Apple’s iPhone Air spotted, offering just slight improvements over iPhone 16 Pro

Powered by the A19 Pro chip, Apple’s latest iPhone shows steady rather than dramatic improvements in benchmarks.

Apple has introduced the iPhone 17 lineup, yet the first benchmark results for its new A19 Pro chip have already surfaced, even before the devices become widely available. The chip appears powerful, but its performance jump compared to last year’s generation isn’t as dramatic as initially expected.

According to one of the first AnTuTu results, the A19 Pro scored 2,033,552 points slightly higher than last year’s A18 Pro, which remained below 2 million. Initially, this score was believed to belong to the iPhone 17 Pro, but AnTuTu later clarified that the result actually came from the new iPhone Air, which also houses the same chip. While this detail doesn’t change the overall impression, it helps explain minor variations in the benchmark scores.

According to the released information, the most notable improvement in the A19 Pro comes in the memory department.

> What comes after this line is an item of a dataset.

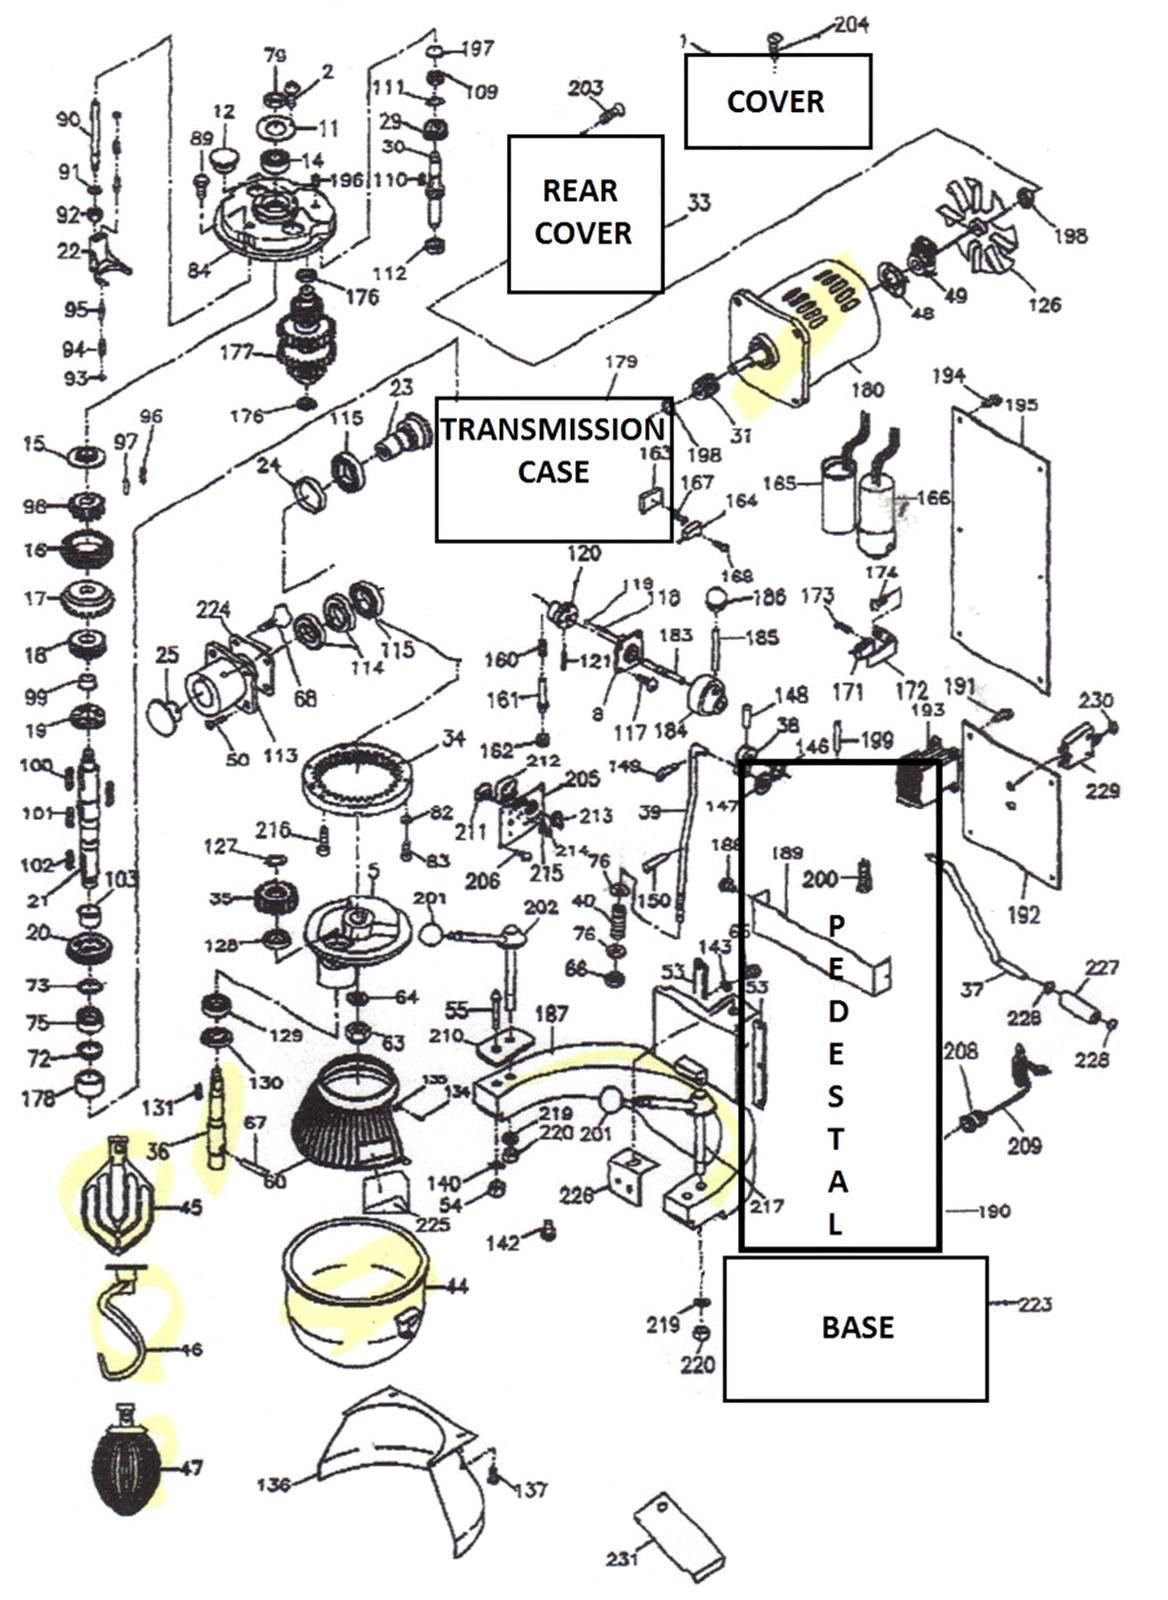 Thunderbird ARM-30 Parts Diagram | Parts TownParts Town

With RAM increased to 12GB, Apple has reportedly boosted performance in this area by nearly 50%, resulting in noticeably smoother multitasking and better handling of background apps.

However, CPU performance shows a slight dip compared to the A18 Pro, likely due to thermal limitations or early firmware versions. On the other hand, graphics performance and overall system stability remain solid, indicating that Apple continues to prioritize optimization and reliability over chasing sudden benchmark spikes.

Geekbench listings for the A19 Pro show a similar trend: slight improvements in both single-core and multi-core performance, but no revolutionary leap.

Apple has also equipped the Pro models with a vapor chamber to better dissipate heat during long gaming sessions or intensive processing tasks. This feature, however, may not be fully reflected in synthetic benchmark scores, highlighting Apple’s focus on real-world performance and thermal efficiency rather than chasing record-breaking numbers.